● **Exercise goal**: Pictures are to be dropped. Everything else in the listing gets copied exactly.
------ Source data ------
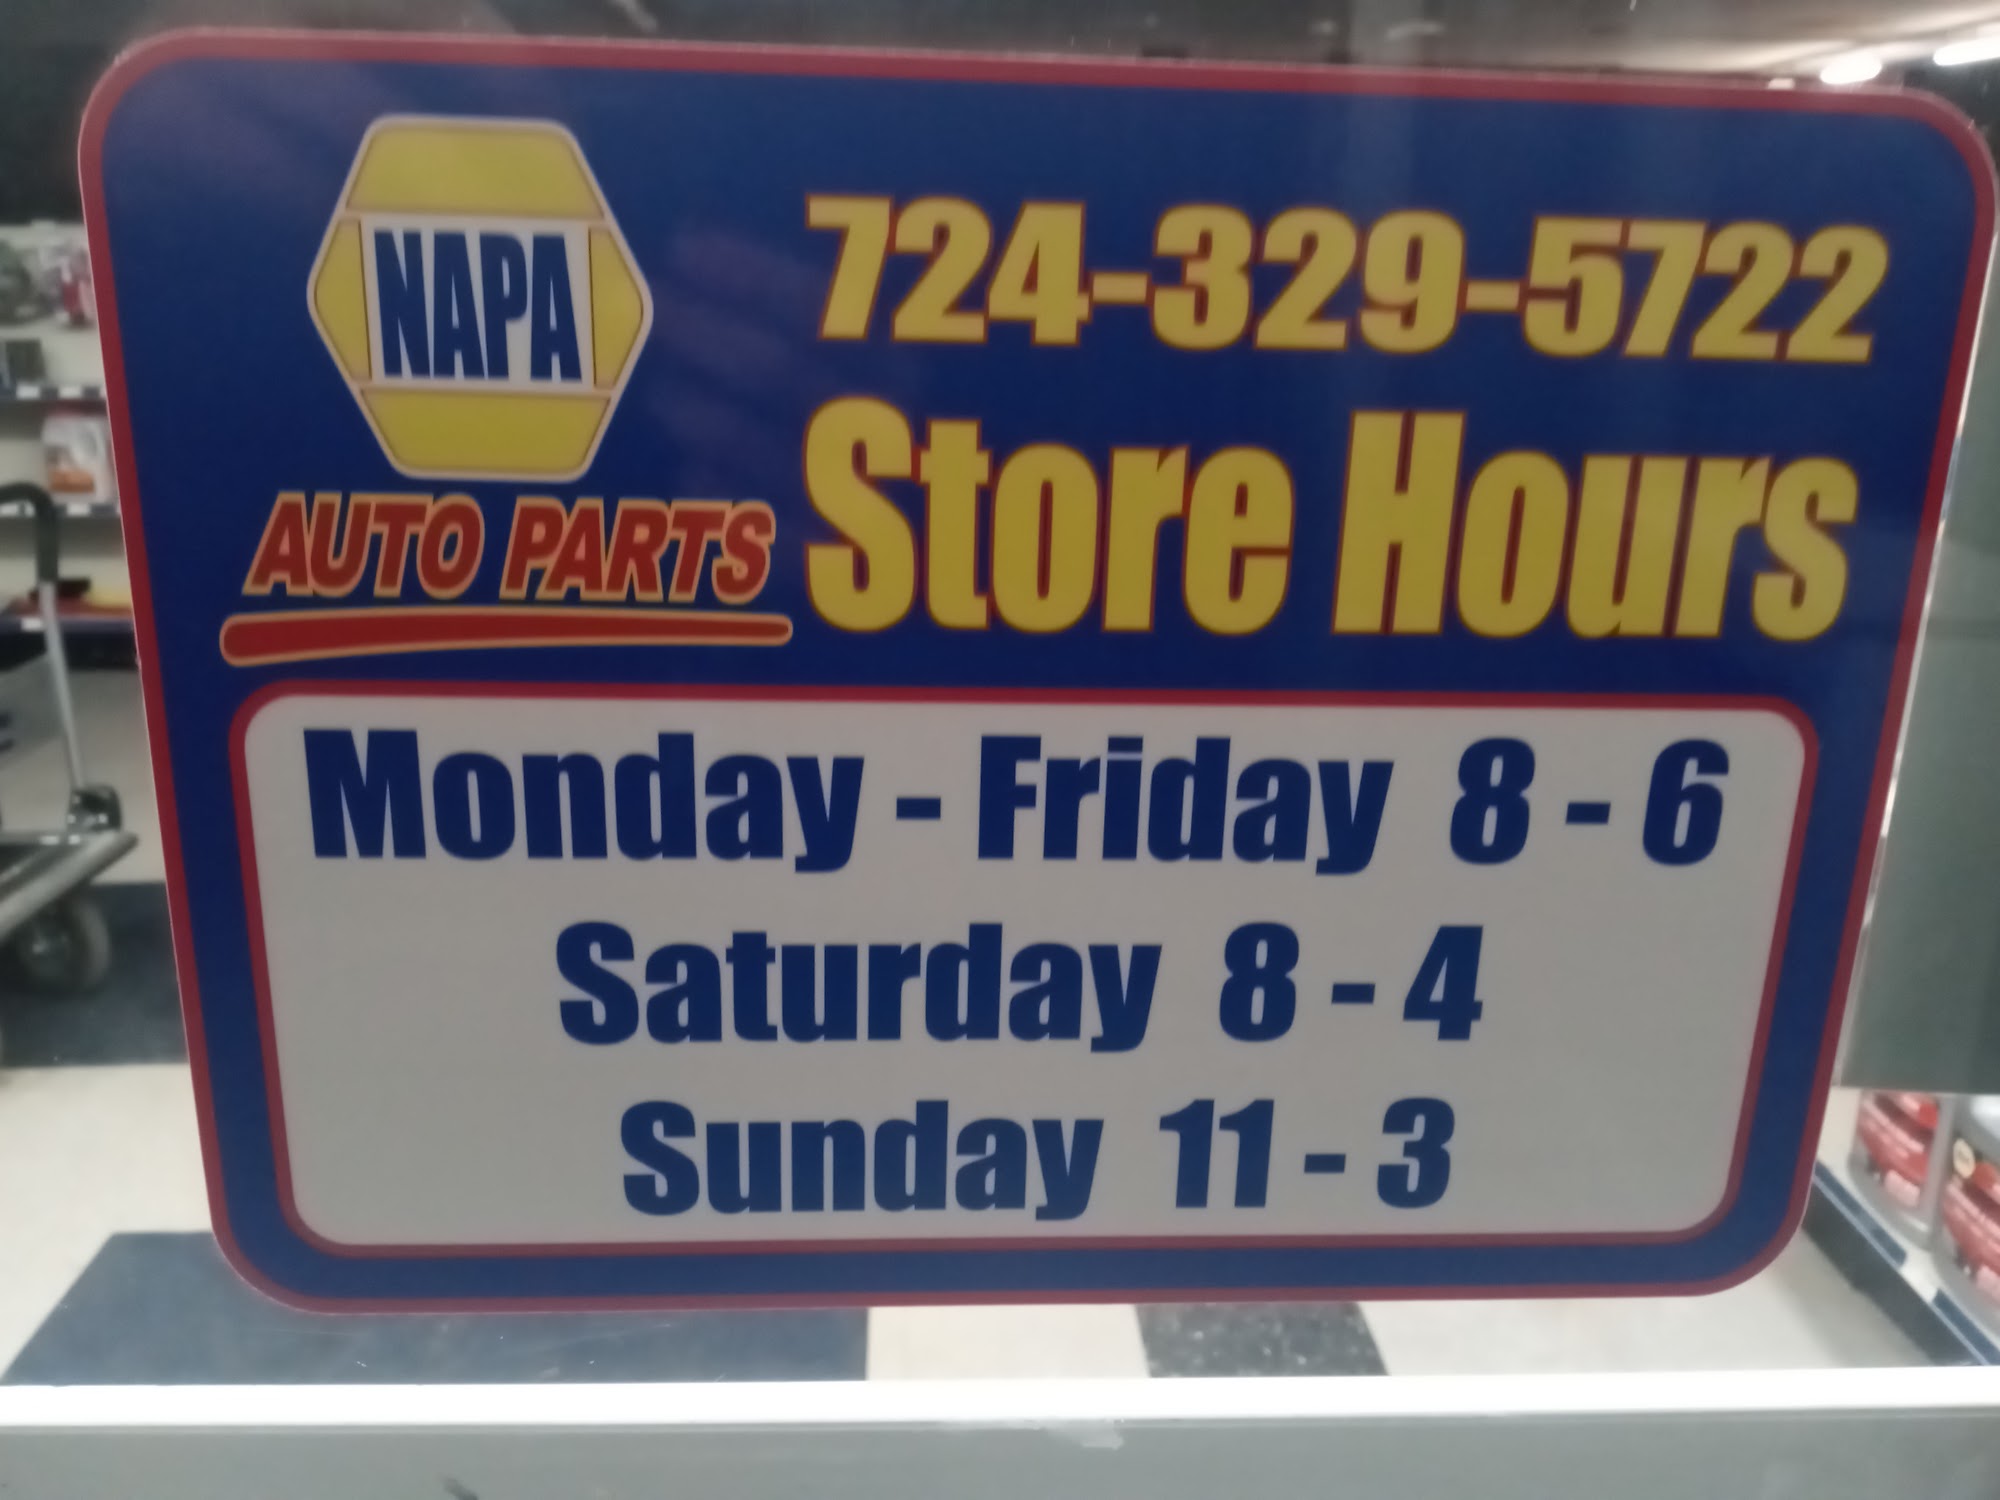 NAPA Auto Parts - Fayette Parts Service
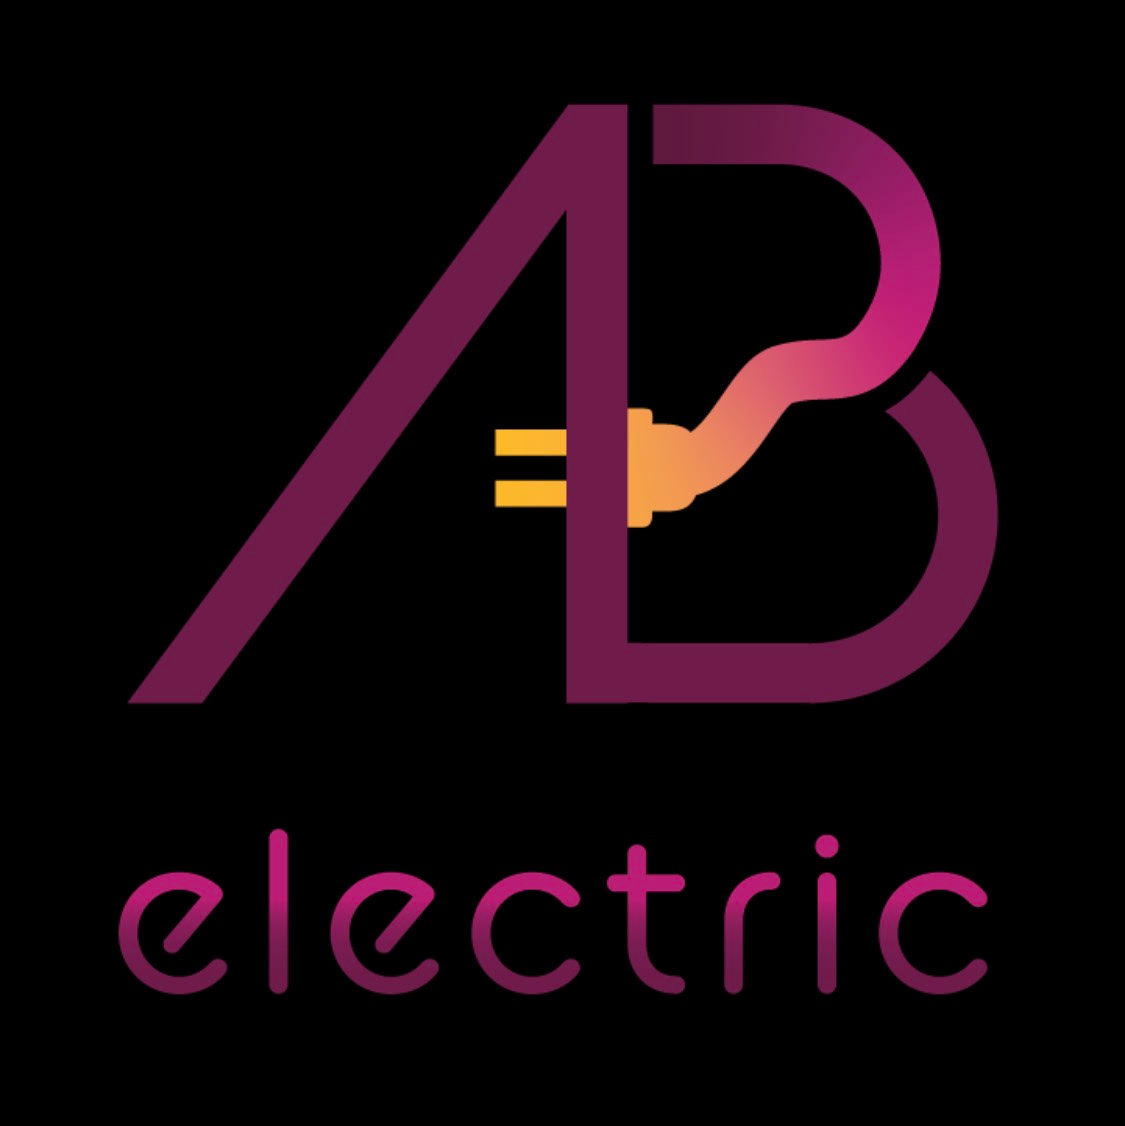 Electric Logo Design
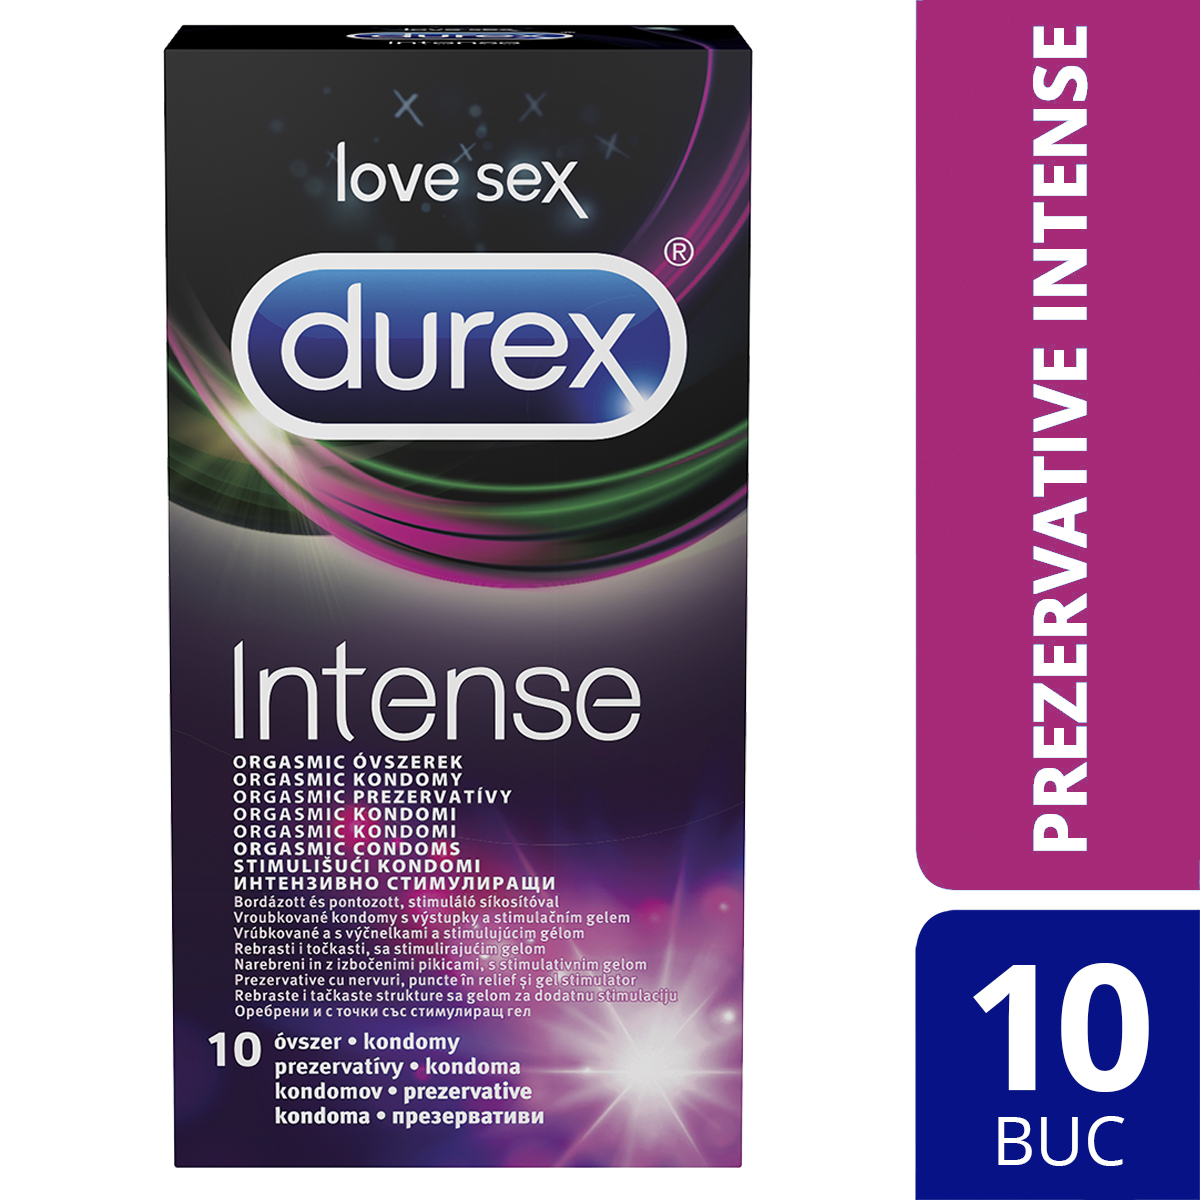 Protecție și lubrefiere - Durex intense orgasmic*10buc, epastila.ro
------
● **Solution for this exercise**:
 NAPA Auto Parts - Fayette Parts Service
 Electric Logo Design
 Protecție și lubrefiere - Durex intense orgasmic*10buc, epastila.ro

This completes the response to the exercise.